*** LISTED ENTRIES Section Begins ***
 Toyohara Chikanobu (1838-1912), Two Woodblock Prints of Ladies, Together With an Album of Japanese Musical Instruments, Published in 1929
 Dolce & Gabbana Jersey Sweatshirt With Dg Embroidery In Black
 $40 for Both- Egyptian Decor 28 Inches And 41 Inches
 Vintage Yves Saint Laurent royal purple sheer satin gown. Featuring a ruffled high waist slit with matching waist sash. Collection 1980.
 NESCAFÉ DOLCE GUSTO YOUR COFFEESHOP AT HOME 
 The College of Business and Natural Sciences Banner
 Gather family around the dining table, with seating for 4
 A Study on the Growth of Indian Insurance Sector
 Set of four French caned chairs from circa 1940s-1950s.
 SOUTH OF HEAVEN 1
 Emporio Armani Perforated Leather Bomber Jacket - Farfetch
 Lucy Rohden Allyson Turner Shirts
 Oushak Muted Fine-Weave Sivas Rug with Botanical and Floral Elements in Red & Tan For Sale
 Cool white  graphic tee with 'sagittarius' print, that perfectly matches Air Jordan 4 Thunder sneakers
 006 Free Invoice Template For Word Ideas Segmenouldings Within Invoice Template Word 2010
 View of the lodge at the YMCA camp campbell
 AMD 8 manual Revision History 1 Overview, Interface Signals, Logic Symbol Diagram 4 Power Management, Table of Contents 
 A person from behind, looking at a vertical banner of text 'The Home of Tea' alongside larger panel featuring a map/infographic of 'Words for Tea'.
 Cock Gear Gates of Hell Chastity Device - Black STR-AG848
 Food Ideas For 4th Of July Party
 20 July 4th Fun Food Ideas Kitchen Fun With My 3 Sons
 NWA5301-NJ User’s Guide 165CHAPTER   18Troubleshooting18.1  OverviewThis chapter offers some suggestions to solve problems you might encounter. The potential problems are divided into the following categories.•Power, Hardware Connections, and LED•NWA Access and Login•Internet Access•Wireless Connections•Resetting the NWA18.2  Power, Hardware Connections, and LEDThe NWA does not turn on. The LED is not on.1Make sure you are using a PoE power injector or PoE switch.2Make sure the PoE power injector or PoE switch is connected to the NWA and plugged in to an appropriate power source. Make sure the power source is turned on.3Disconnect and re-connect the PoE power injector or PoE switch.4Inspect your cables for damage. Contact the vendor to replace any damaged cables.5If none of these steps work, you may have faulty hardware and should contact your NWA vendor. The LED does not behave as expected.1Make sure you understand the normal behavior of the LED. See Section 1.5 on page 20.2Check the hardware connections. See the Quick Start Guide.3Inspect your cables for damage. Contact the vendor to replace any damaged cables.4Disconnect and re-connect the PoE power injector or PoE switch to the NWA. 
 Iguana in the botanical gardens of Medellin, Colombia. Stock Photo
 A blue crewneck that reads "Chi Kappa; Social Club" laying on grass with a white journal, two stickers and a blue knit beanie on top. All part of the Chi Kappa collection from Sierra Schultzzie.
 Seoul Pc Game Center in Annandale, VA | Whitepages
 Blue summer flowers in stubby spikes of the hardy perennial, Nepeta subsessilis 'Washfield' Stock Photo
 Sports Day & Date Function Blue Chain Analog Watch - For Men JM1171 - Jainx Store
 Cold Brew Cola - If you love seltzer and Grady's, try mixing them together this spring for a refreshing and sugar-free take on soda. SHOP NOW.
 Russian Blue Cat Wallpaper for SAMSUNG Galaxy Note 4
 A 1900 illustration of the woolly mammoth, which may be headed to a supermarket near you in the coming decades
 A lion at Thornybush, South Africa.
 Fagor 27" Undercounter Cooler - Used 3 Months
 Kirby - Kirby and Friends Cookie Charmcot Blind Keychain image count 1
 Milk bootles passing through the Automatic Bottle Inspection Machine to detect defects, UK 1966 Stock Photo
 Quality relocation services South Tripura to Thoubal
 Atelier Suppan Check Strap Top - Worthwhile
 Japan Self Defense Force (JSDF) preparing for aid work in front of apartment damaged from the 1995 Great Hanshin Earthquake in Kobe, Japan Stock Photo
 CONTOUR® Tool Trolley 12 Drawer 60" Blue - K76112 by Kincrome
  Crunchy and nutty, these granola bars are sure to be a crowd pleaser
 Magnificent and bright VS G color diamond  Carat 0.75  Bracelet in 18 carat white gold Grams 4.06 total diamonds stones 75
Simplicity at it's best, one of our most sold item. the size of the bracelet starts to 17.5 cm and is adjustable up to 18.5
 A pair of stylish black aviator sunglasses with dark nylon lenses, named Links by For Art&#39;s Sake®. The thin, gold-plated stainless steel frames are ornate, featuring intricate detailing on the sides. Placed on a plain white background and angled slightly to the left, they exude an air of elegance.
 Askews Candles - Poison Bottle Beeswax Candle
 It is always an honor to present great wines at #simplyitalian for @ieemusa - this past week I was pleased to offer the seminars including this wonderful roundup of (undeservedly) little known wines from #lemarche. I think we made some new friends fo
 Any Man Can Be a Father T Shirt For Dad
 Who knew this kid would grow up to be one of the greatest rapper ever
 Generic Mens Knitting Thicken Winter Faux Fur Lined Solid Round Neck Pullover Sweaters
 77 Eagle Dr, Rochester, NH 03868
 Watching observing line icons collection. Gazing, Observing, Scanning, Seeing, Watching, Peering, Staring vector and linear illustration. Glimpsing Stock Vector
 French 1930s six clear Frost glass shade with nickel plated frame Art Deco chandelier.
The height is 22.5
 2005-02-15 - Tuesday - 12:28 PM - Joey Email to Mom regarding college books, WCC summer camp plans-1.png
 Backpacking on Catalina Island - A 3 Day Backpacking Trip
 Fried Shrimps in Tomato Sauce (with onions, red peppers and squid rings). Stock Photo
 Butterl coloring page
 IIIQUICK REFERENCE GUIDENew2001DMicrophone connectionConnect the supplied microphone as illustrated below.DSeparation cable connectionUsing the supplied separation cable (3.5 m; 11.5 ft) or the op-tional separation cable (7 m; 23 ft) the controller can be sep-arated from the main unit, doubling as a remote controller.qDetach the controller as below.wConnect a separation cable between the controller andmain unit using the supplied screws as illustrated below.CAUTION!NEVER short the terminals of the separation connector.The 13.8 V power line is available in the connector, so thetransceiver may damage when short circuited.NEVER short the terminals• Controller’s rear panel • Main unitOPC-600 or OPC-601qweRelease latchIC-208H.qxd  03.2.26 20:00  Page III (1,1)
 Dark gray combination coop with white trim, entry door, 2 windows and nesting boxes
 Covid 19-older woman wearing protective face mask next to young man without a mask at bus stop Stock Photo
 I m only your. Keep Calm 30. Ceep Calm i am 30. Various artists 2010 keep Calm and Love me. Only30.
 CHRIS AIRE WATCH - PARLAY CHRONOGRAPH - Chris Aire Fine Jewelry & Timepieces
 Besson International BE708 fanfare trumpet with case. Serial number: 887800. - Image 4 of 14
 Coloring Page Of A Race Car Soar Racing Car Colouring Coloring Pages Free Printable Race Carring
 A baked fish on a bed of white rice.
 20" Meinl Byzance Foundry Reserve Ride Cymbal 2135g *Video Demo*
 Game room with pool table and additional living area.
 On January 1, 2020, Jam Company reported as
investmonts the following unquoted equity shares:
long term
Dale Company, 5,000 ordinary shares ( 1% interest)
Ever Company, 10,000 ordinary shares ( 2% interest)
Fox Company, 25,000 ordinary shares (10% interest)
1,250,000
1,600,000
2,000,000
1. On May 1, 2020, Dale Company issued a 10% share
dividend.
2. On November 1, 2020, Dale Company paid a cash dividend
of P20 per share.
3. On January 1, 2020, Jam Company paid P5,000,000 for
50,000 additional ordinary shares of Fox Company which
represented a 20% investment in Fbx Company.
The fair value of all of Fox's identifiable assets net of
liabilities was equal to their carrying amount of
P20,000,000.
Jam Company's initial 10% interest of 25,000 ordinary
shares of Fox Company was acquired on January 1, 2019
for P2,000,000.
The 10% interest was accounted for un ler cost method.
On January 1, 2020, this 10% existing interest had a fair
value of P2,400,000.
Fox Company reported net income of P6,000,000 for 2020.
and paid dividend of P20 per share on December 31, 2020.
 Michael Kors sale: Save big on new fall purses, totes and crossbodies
*** LISTED ENTRIES Section Ends ***
* TASK OBJECTIVE
Extract from the records above the lines from the one containing "Seoul Pc Game" to the one containing "Sports Day &", both lines included, exactly as they appear and with nothing else.

* OUTPUT FOR THIS TASK
 Seoul Pc Game Center in Annandale, VA | Whitepages
 Blue summer flowers in stubby spikes of the hardy perennial, Nepeta subsessilis 'Washfield' Stock Photo
 Sports Day & Date Function Blue Chain Analog Watch - For Men JM1171 - Jainx Store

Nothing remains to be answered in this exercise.